You can chain operations for complex transformations:

import numpy as np
from batcharray import array

# Create batch of sequences
data = np.random.randn(10, 20, 5)  # 10 batches, 20 timesteps, 5 features

# Select specific batch items
data = array.index_select_along_batch(data, indices=np.array([0, 2, 4, 6, 8]))

# Slice sequences to first 10 timesteps
data = array.slice_along_seq(data, stop=10)

# Compute statistics
mean = array.mean_along_seq(data)  # Average over time for each batch

Working with Masked Arrays

All functions in batcharray.array support NumPy masked arrays, allowing you to handle missing or invalid data:

import numpy as np
import numpy.ma as ma
from batcharray import array

# Create masked array
data = ma.array(
    [[1, 2, 3], [4, 5, 6], [7, 8, 9]], mask=[[0, 0, 1], [0, 1, 0], [1, 0, 0]]
)

# Operations work with masked values
mean = array.mean_along_batch(data)
sorted_data = array.sort_along_batch(data)

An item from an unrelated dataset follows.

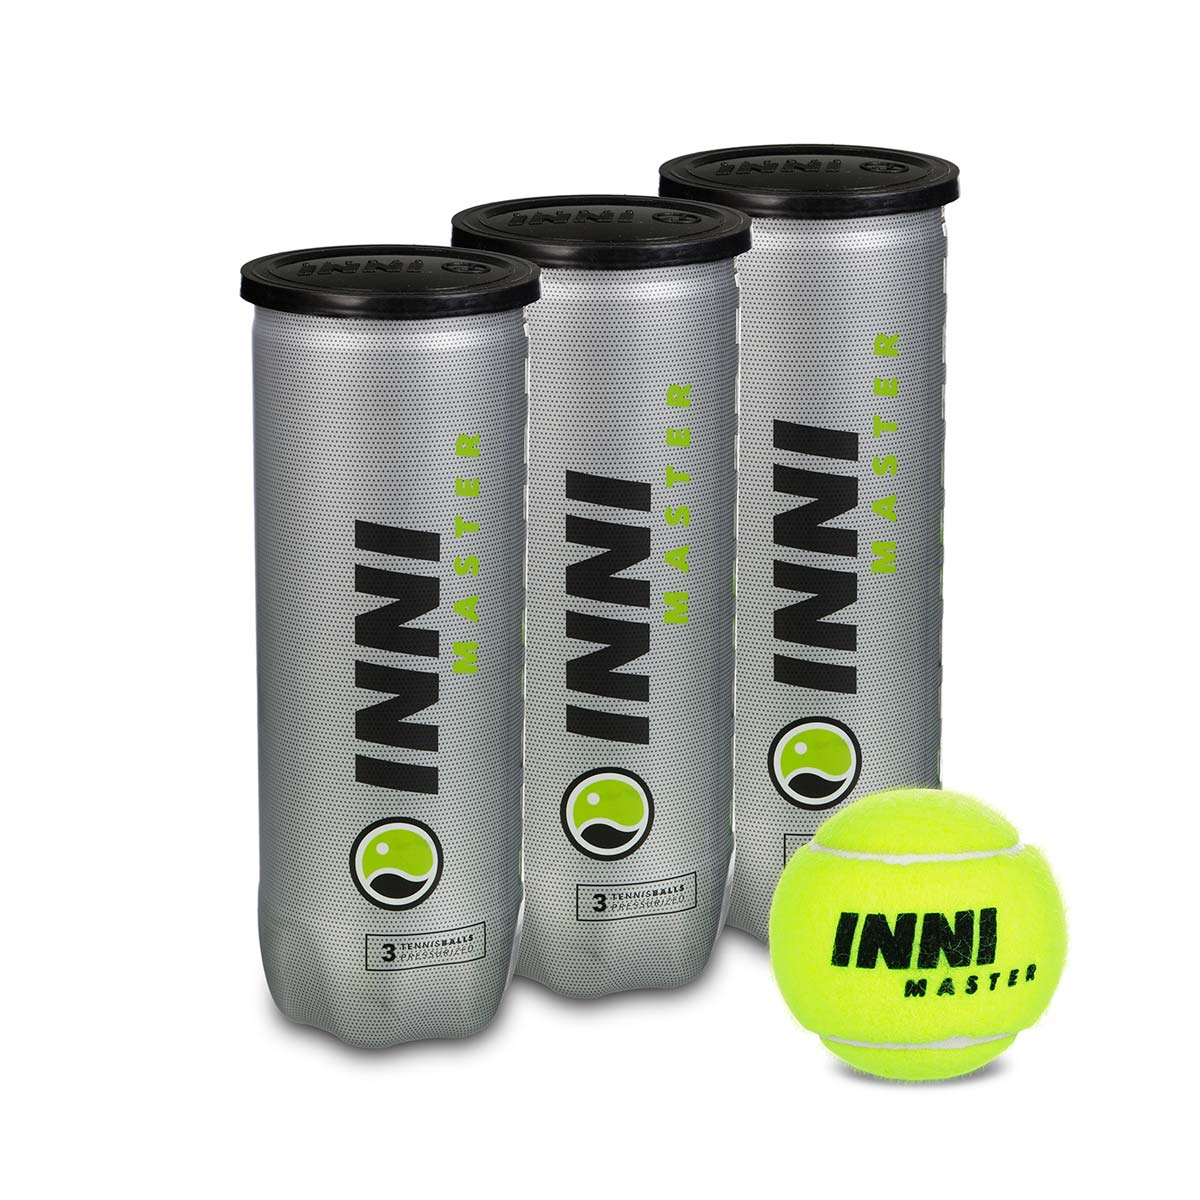 Bola De Tênis Inni Master Pack c/ 3 Tubos
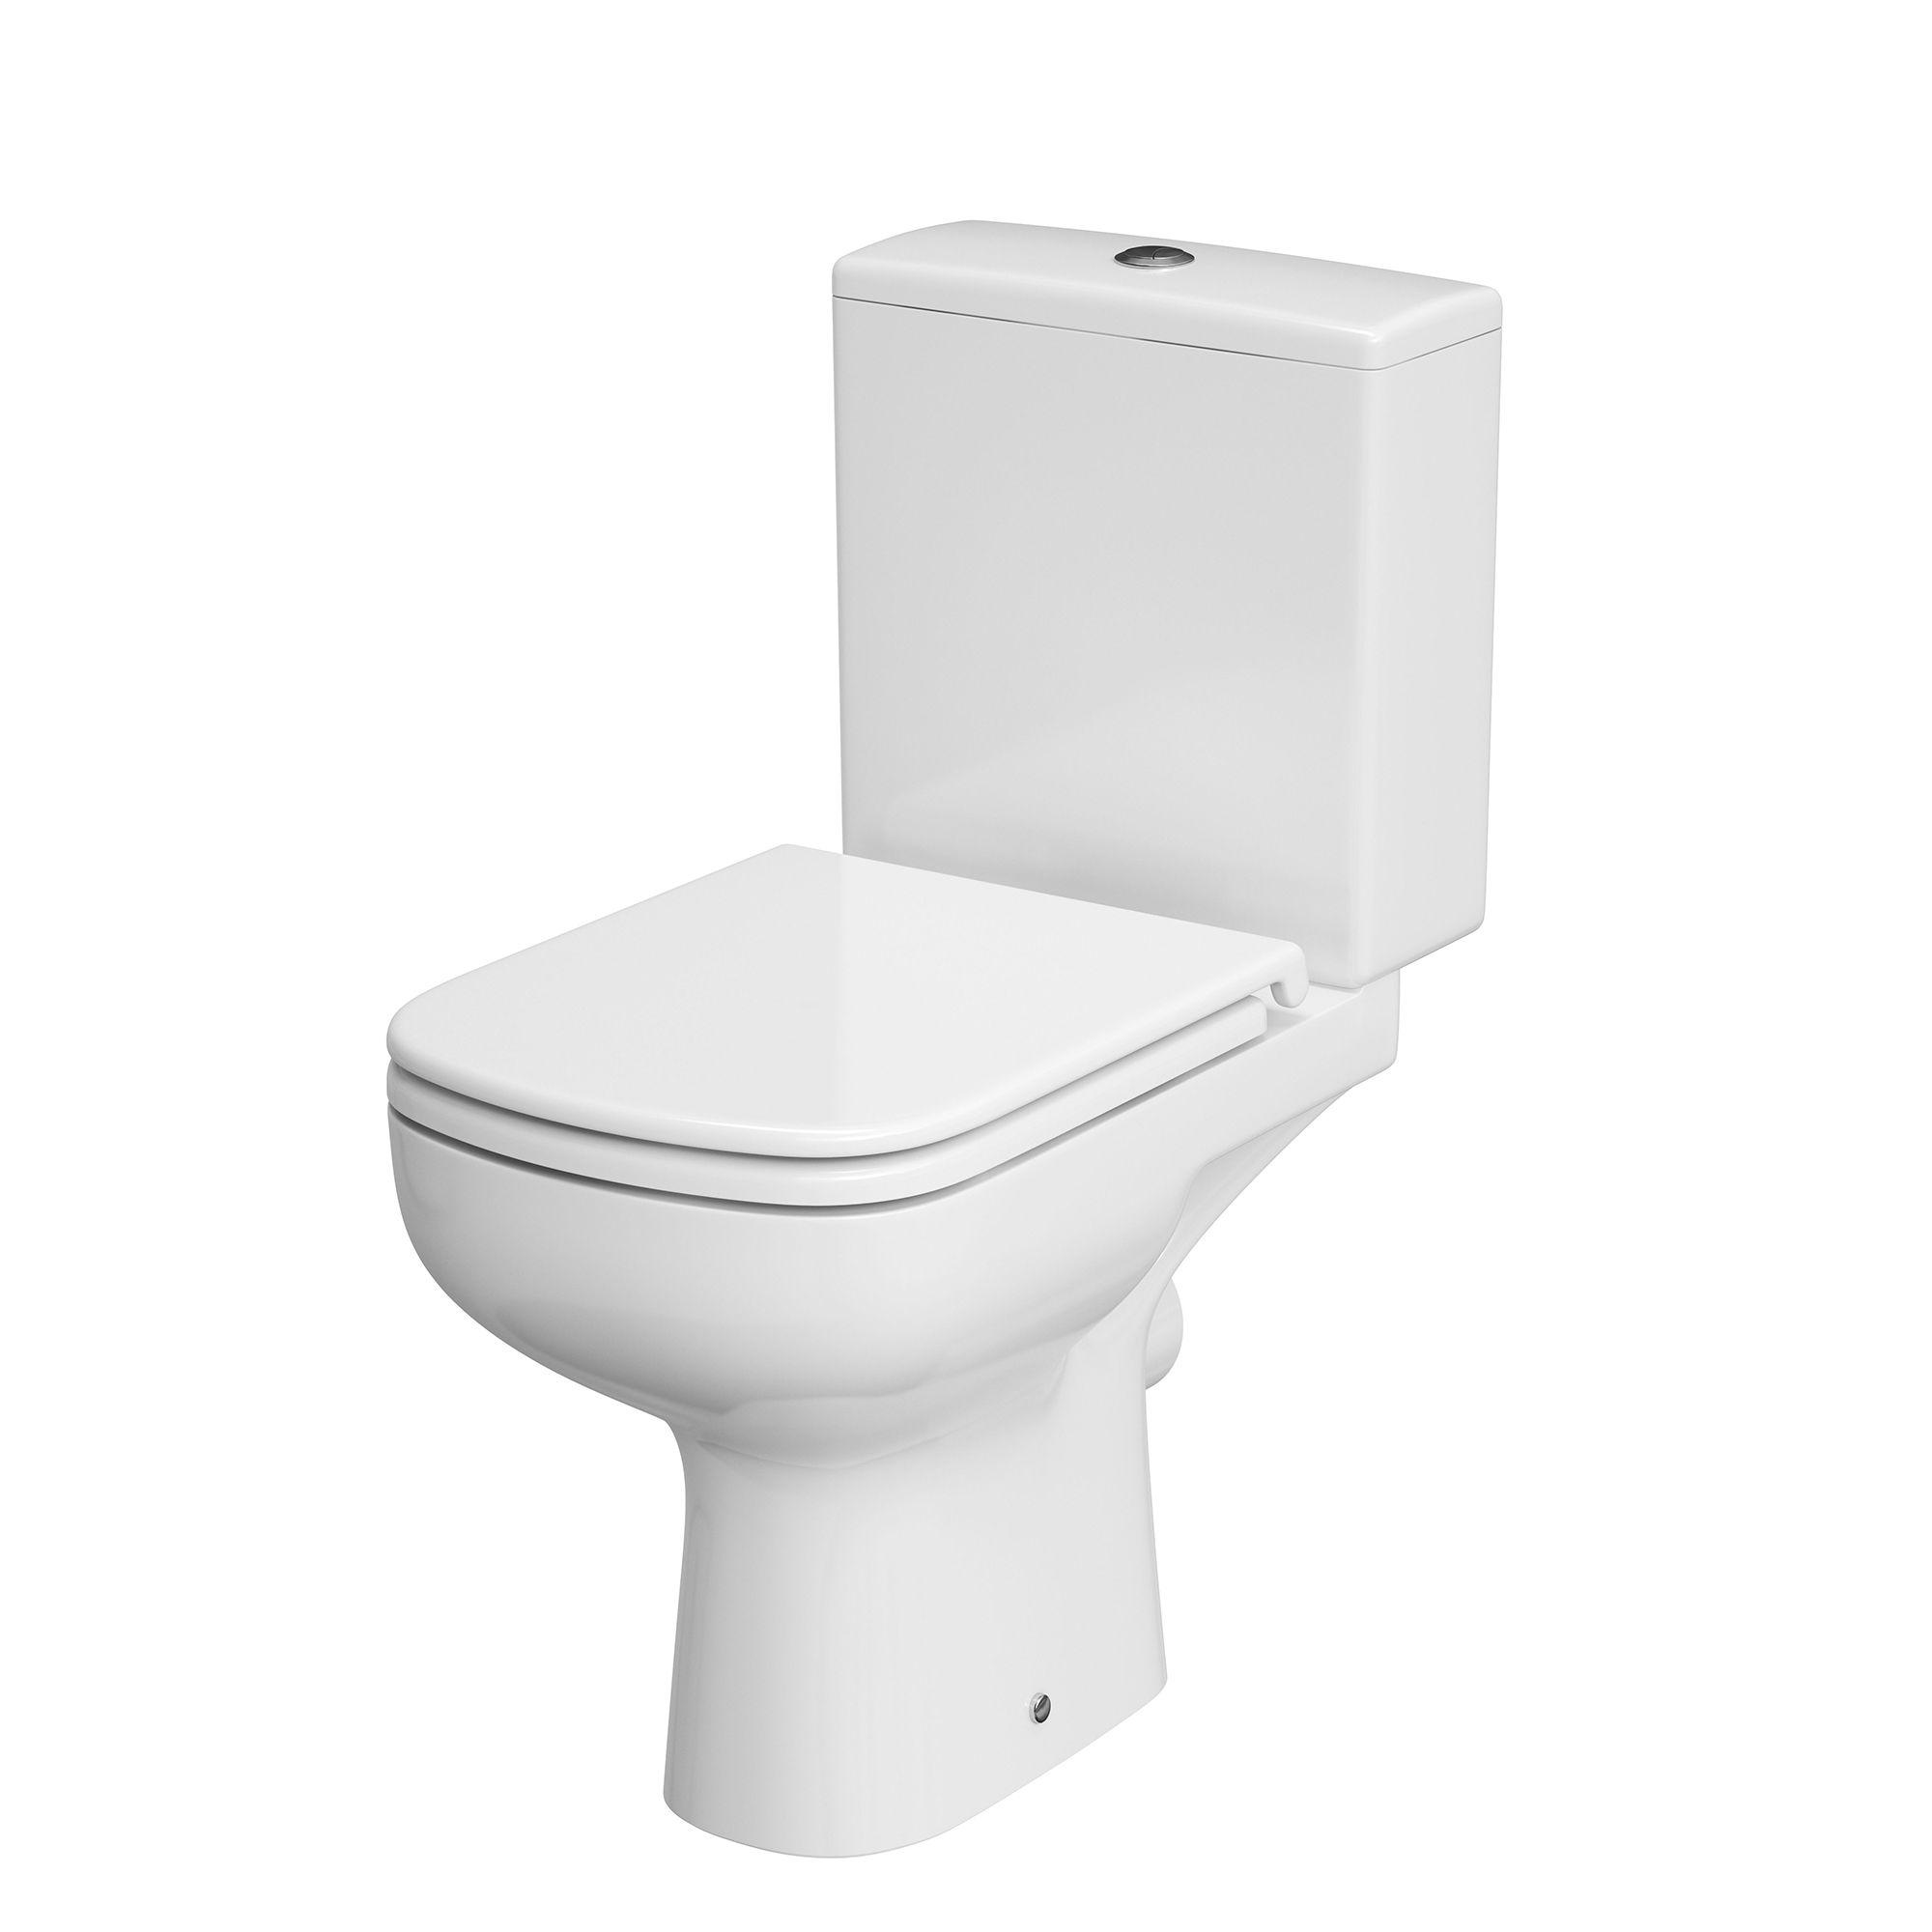 Cersanit Cortona Close Coupled Rimless Toilet With Soft

Complete Function Reference

The array module provides the following categories of functions:

Comparison and Sorting

  • argsort_along_batch() - Get indices that would sort along batch
  • argsort_along_seq() - Get indices that would sort along sequence
  • sort_along_batch() - Sort along batch dimension
  • sort_along_seq() - Sort along sequence dimension

Indexing and Selection

  • index_select_along_batch() - Select using integer indices (batch)
  • index_select_along_seq() - Select using integer indices (sequence)
  • masked_select_along_batch() - Select using boolean mask (batch)
  • masked_select_along_seq() - Select using boolean mask (sequence)
  • take_along_batch() - Take elements using index array (batch)
  • take_along_seq() - Take elements using index array (sequence)

Joining and Combining

  • concatenate_along_batch() - Concatenate arrays along batch
  • concatenate_along_seq() - Concatenate arrays along sequence
  • tile_along_seq() - Repeat array along sequence dimension

Mathematical Operations

  • cumprod_along_batch() - Cumulative product along batch
  • cumprod_along_seq() - Cumulative product along sequence
  • cumsum_along_batch() - Cumulative sum along batch
  • cumsum_along_seq() - Cumulative sum along sequence

Permutation and Shuffling

  • permute_along_batch() - Apply permutation to batch
  • permute_along_seq() - Apply permutation to sequence
  • shuffle_along_batch() - Random shuffle along batch
  • shuffle_along_seq() - Random shuffle along sequence

Reduction Operations

  • amax_along_batch() / max_along_batch() - Maximum along batch
  • amax_along_seq() / max_along_seq() - Maximum along sequence
  • amin_along_batch() / min_along_batch() - Minimum along batch
  • amin_along_seq() / min_along_seq() - Minimum along sequence
  • argmax_along_batch() - Indices of maximum along batch
  • argmax_along_seq() - Indices of maximum along sequence
  • argmin_along_batch() - Indices of minimum along batch
  • argmin_along_seq() - Indices of minimum along sequence
  • mean_along_batch() - Mean along batch
  • mean_along_seq() - Mean along sequence
  • median_along_batch() - Median along batch
  • median_along_seq() - Median along sequence
  • prod_along_batch() - Product along batch
  • prod_along_seq() - Product along sequence
  • sum_along_batch() - Sum along batch
  • sum_along_seq() - Sum along sequence

Slicing Operations

  • chunk_along_batch() - Split into equal chunks (batch)
  • chunk_along_seq() - Split into equal chunks (sequence)
  • select_along_batch() - Select single index (batch)
  • select_along_seq() - Select single index (sequence)
  • slice_along_batch() - Slice range of indices (batch)
  • slice_along_seq() - Slice range of indices (sequence)
  • split_along_batch() - Split into specified sections (batch)
  • split_along_seq() - Split into specified sections (sequence)

For detailed API documentation of each function, see the array API reference.